**Records for the task:**
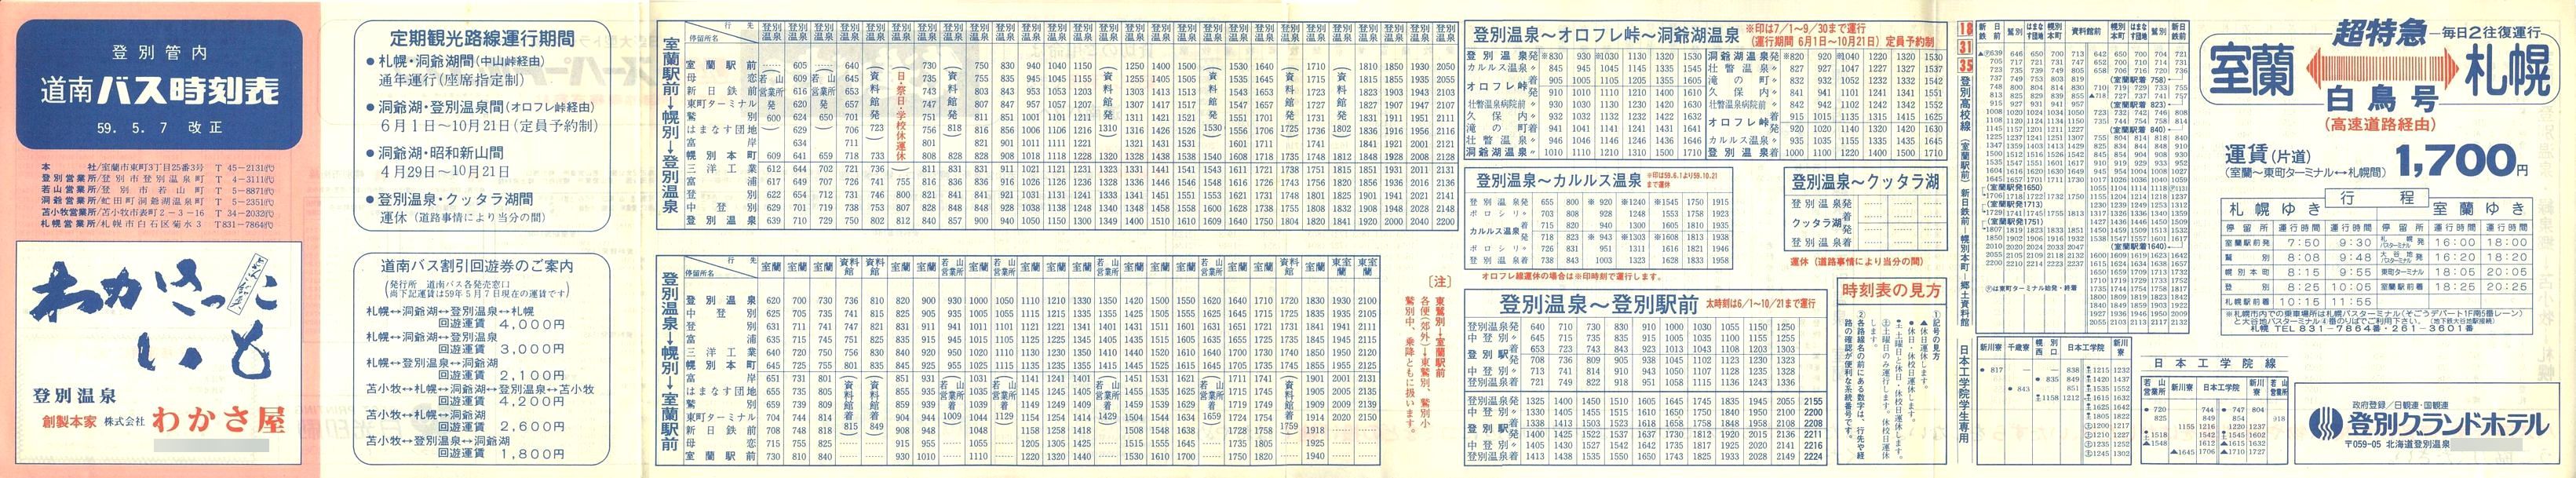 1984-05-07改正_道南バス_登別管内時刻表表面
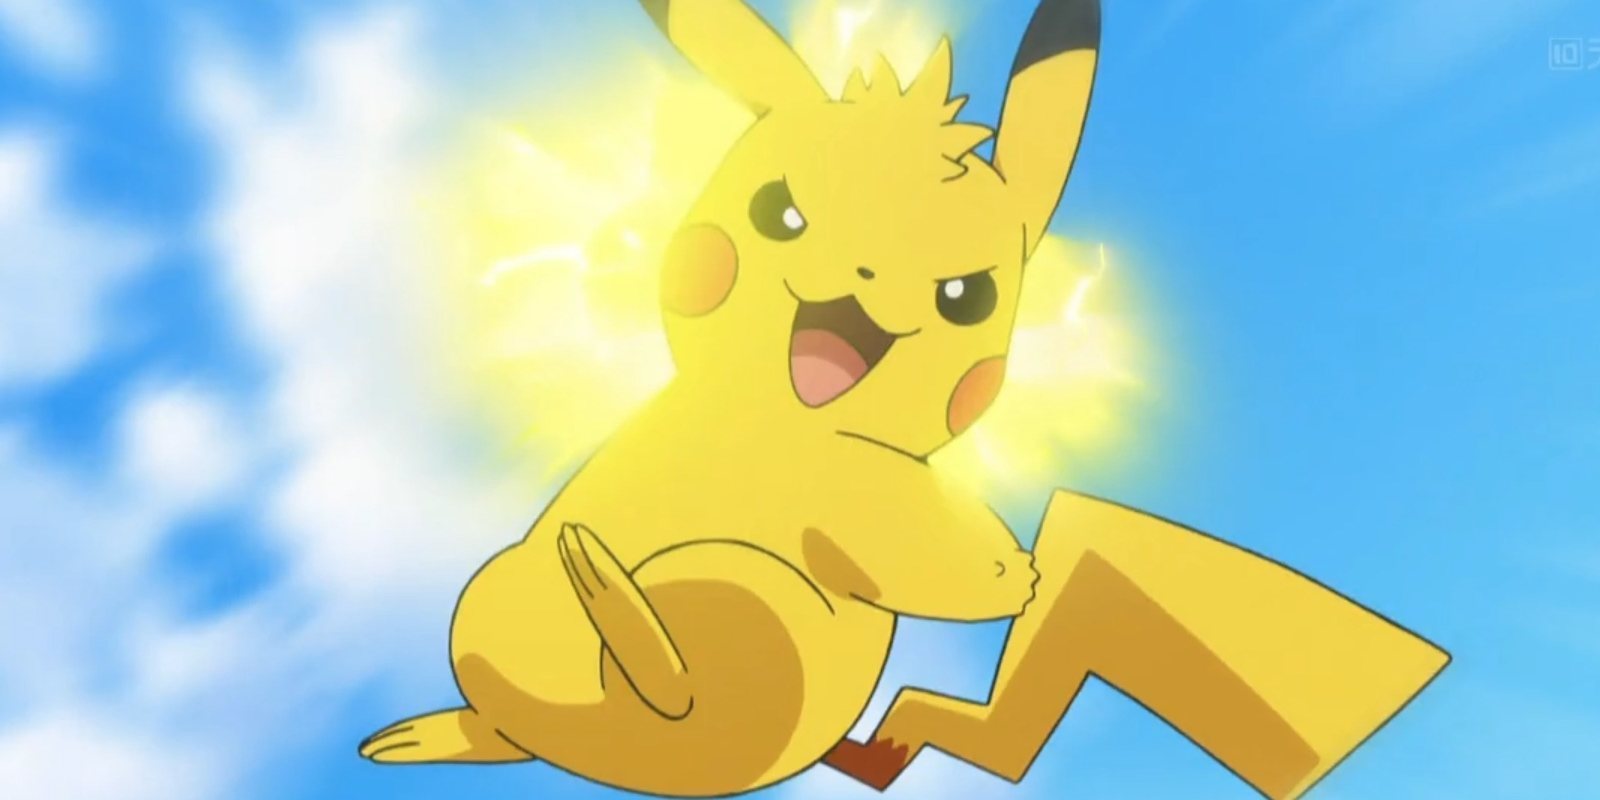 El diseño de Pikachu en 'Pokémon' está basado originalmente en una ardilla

==

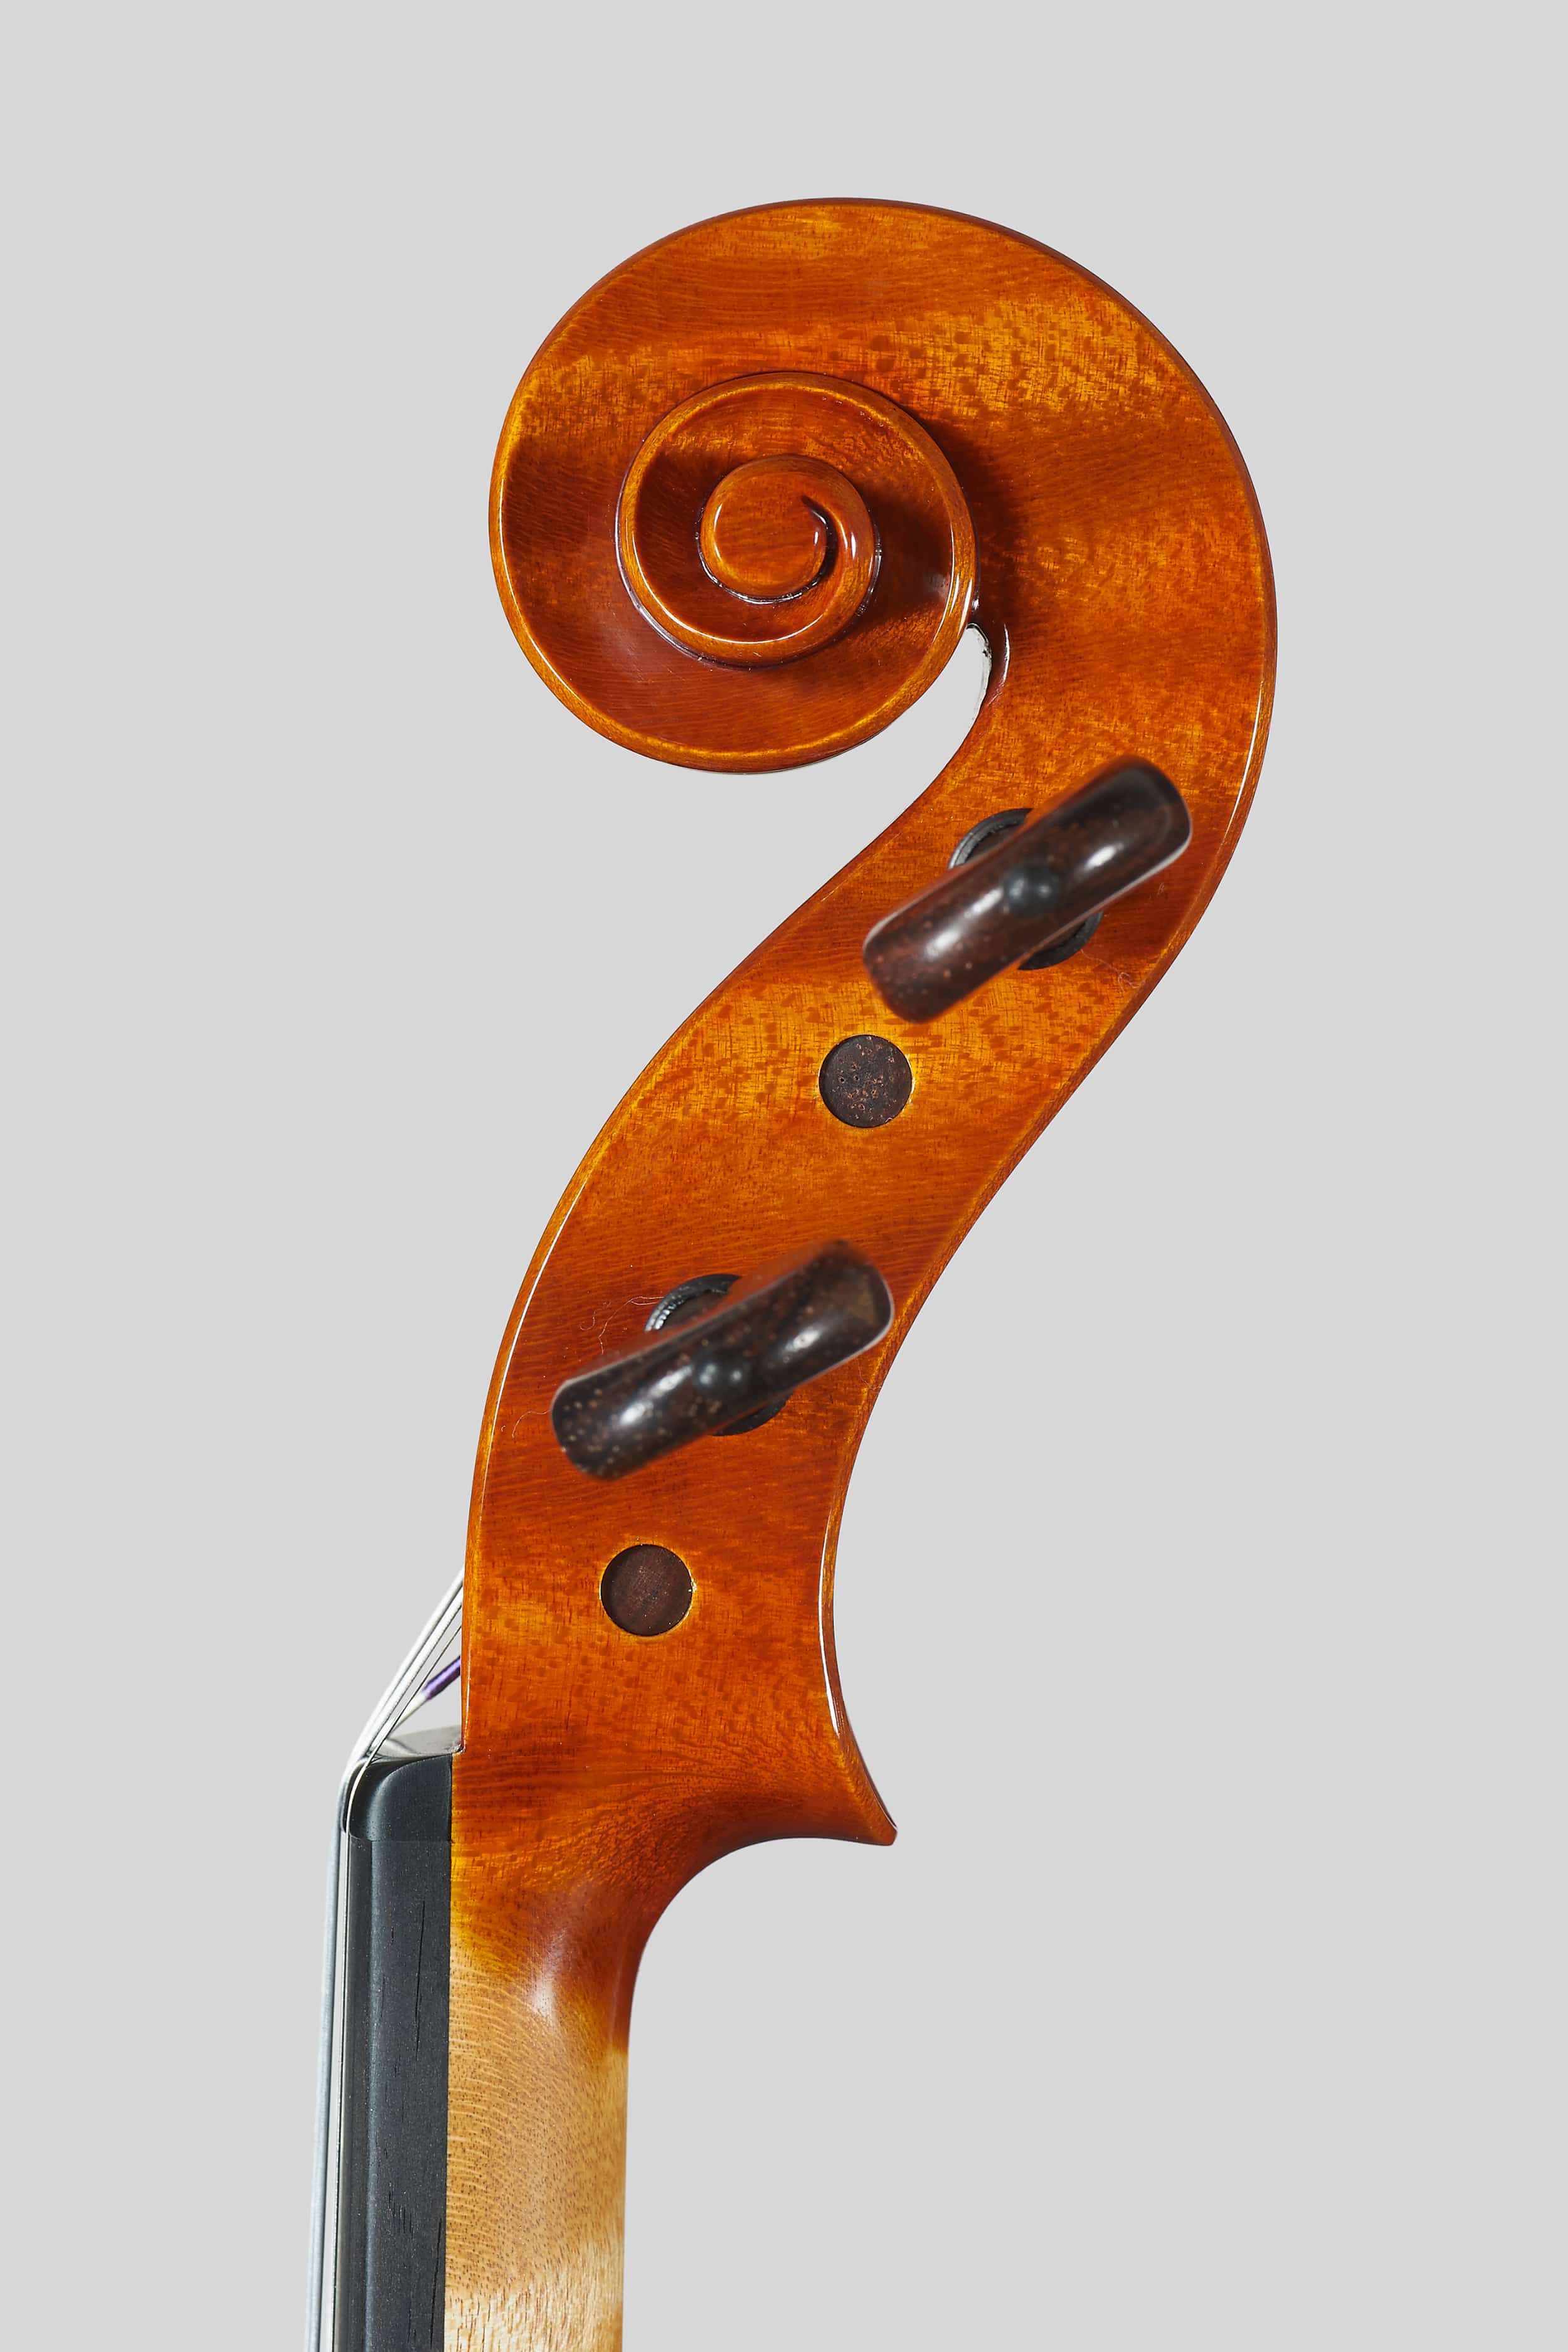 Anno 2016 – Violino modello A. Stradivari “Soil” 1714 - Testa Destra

**Task requirements:** Copy everything above from the line holding "1984-05-07改正_道南バス_登別管内時刻表表面" down to the line holding "El diseño de", both ends included, exactly as it stands and without the pictures.

**Solution below:**
 1984-05-07改正_道南バス_登別管内時刻表表面
 El diseño de Pikachu en 'Pokémon' está basado originalmente en una ardilla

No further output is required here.